Tasting wine for a living might sound like the stuff of dreams. But imagine doing it day in, day out, for the best part of three months.

Huon Hooke and his colleagues at online wine publication The Real Review have tasted their way through 10,000 wines to arrive at Australia’s 52 Top Wineries list, published in today’s edition of Good Weekend in The Age.

“It’s a pretty full-on time – I get an absolute flood of wine coming in,” says Hooke. “I taste most days during the review period, usually two dozen at a time.”

There are moments, while wading through uninspiring plonk, that the renowned critic takes pause to reconsider his chosen career.

“Sometimes I’ll be feeling a bit tired of tasting and thinking, ‘why am I spending all my time with my nose in a glass?’ There has to be more to life!'”

But then, along comes a wine that makes the gruelling schedule worthwhile, like the Yarra Yering Carrodus Shiraz 2018.

With a pricetag of $275, the 99-point wine spearheads a stellar group of Yarra Yering reds that propelled the Victorian winery to first place on this year’s 52 Top Wineries list.

“The top Yarra Yering wines just announce themselves in the glass,” says Hooke.

“They’ve got this beautiful, translucent bright red colour. The bouquet is wonderful; it’s intense, expressive and complex, and the flavour too is remarkably intense without being big or overpowering in any way.”

Founded in 1969 by Yarra Valley pioneer, Dr Bailey Carrodus, Yarra Yering has long maintained a formidable reputation. But Hooke says its output has only improved following the arrival in late 2013 of winemaker Sarah Crowe.

“She’s taken the jewel and polished it even further,” he says. “Sarah manages to get the desired structure into the wines, which means plenty of tannin, but they’re very, very supple tannins.

“They’re wines you can enjoy when they’re young, but they will age beautifully. I can almost guarantee the top Yarra Yering reds will age for 20 to 25 years.”

The Yarra Yering Carrodus Shiraz 2018 retails for $275 and scored 99 points in Australia’s 52 Top Wineries list. Photo: Penny Stephens

Formerly of Bimbadgen and Brokenwood Wines in the Hunter Valley, Crowe was drawn to Yarra Yering by the appeal of making cool climate shiraz from some of the Yarra Valley’s oldest vineyards.

“We’re spoiled in Australia, because there’s so much beautiful shiraz,” she says.

“But Yarra Valley shiraz is a bit of a hidden gem. It’s only about eight per cent of what we grow in the region, so it can be a bit overlooked by shiraz lovers.”

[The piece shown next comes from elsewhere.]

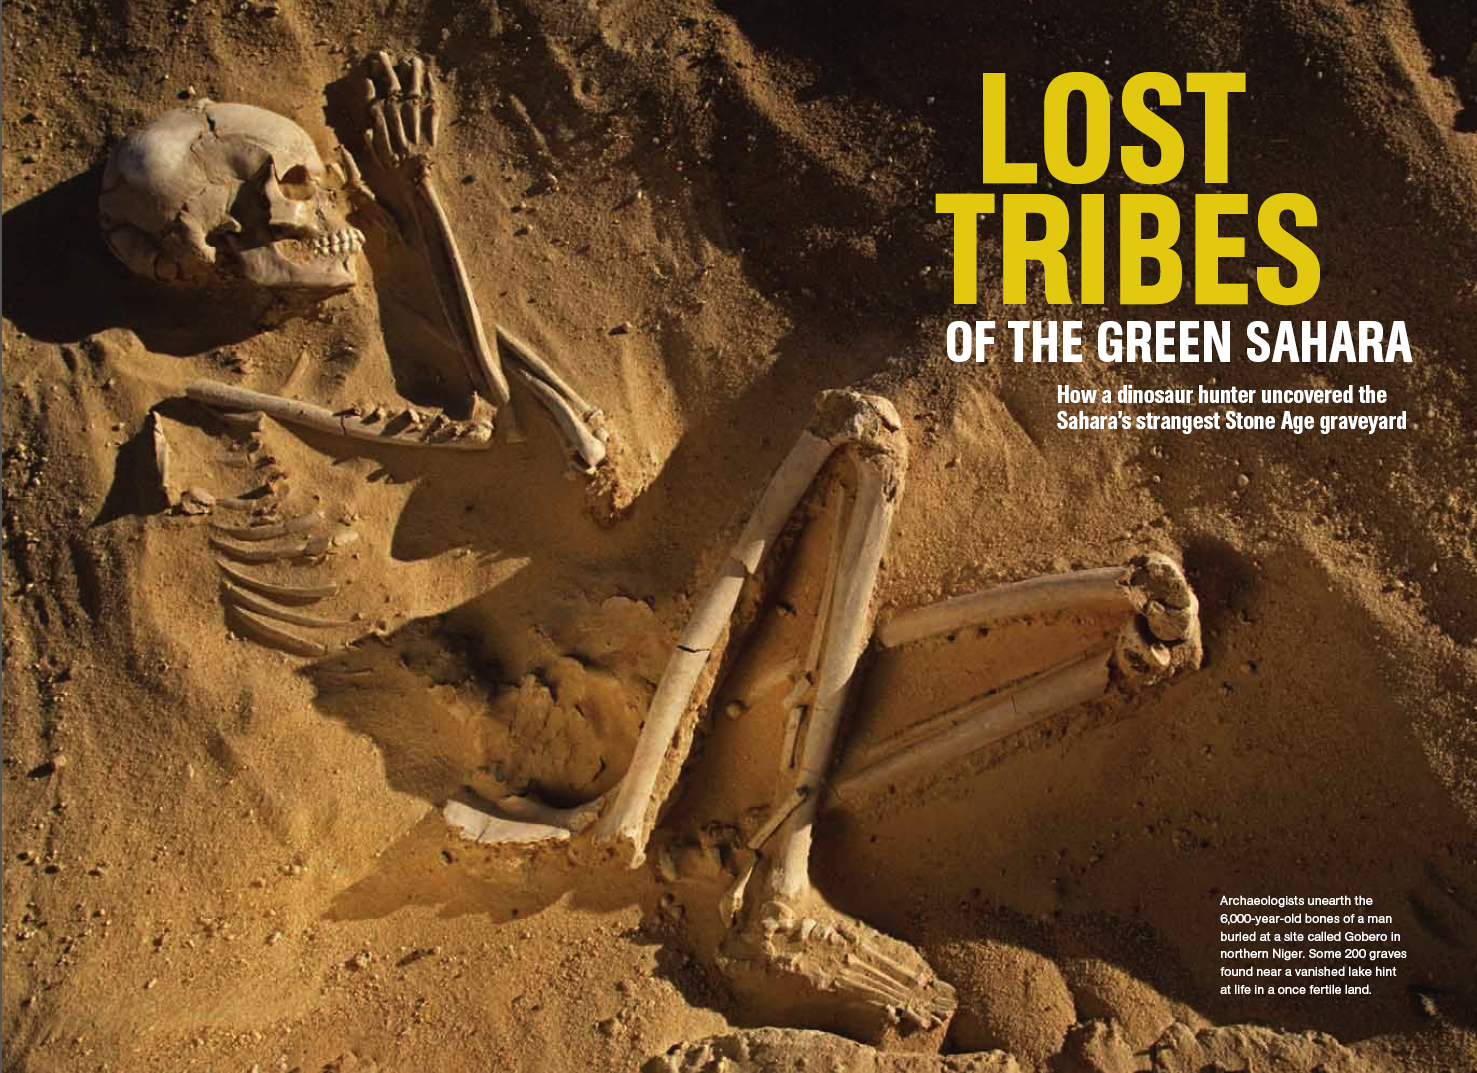 Green Sahara Archeology Story (Link)

Crowe says the 2018 vintage has produced wines that are among the most approachable, accessible, early-drinking styles ever to come out of Yarra Yering.

“They don’t quite require the lengthy cellaring that our wines often do. It was a really even-keeled year. It wasn’t hot or cold, it was just right. Straight away I was just so impressed with the shiraz. The grapes tasted amazing and I knew it was going to be a highlight.”

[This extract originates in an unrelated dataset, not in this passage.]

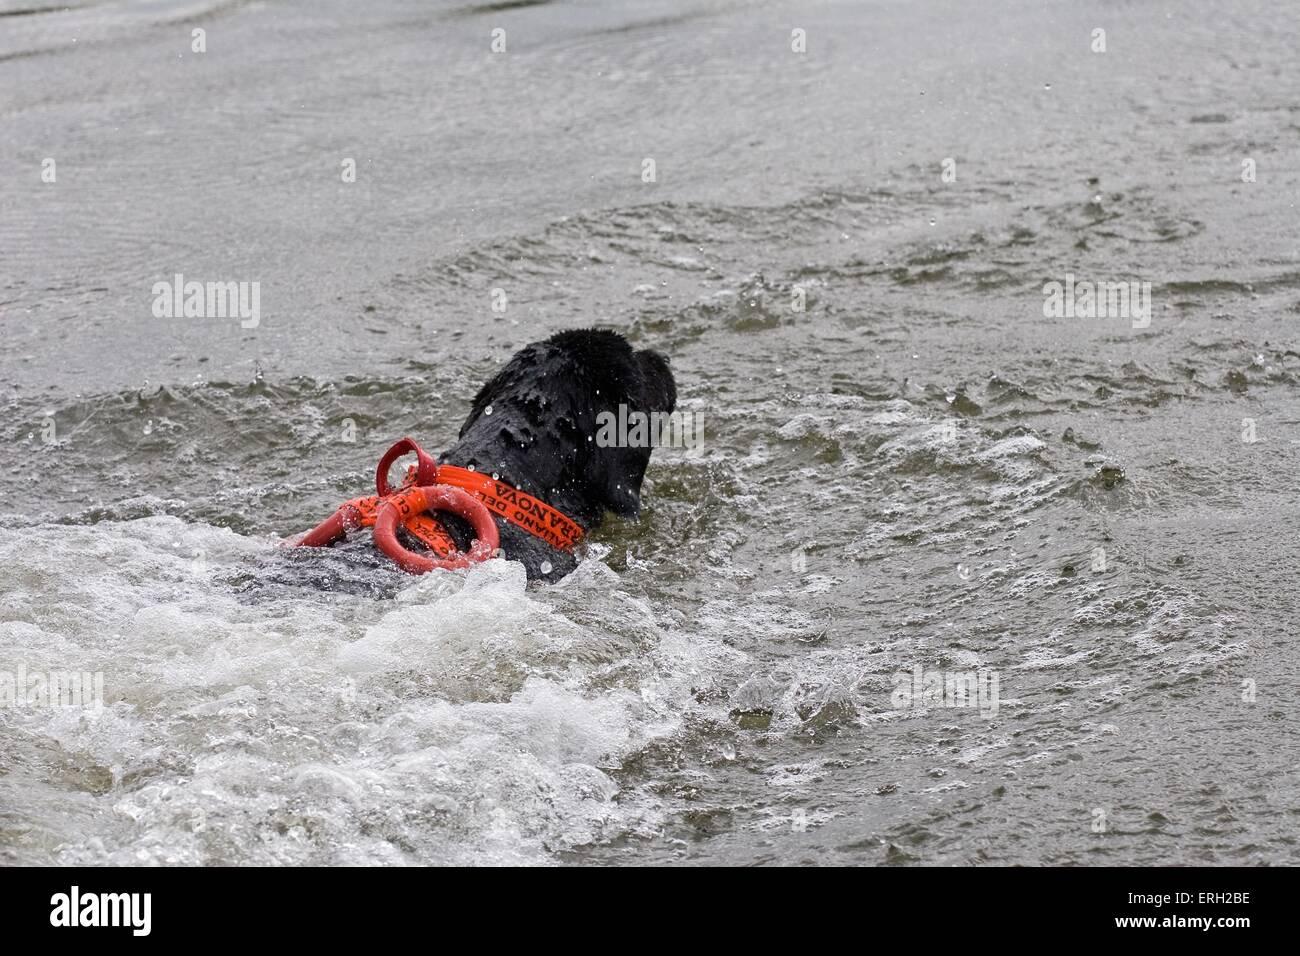 swimming rescue dog - Stock Image

Crowe says incremental changes have contributed to the improvement of Yarra Yering wines.

“We have a compost program that is really making a massive difference to the health of the vineyard. It helps us retain soil moisture throughout summer when it’s really important, but it also increases our soil biology, which is the life in the soil.”

In the winery, Yarra Yering has invested in sorting equipment that eases removal of subpar grapes and undesirable green stalk material before processing.

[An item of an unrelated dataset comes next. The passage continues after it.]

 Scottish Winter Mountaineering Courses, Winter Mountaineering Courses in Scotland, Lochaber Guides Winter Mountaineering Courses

Further downstream, Crowe and her team continue to fine tune their oak regime for a lighter touch on the wines, bringing the vineyard character to the fore.

Yarra Yering led a strong showing on the list for the Yarra Valley. Its wineries numbered eight out of the top 52, placing the region second to the Barossa and neighbouring Eden Valley in South Australia, which had 14 wineries combined.

“The 2018 Barossa vintage is to me one of the highlights, they are just delicious wines,” says Hooke.

With Australian winemakers still reeling from the annus horribilis that comprised drought, bushfires, Chinese tariffs and COVID-19, Hooke says the quality of Australian wine has never been in a better place.

“What I really would like is for the wider world to realise how great Australian wine is,” he says.

“The current generation of wine drinkers in the Americas and the UK don’t realise the quality. It’s a real frustration.”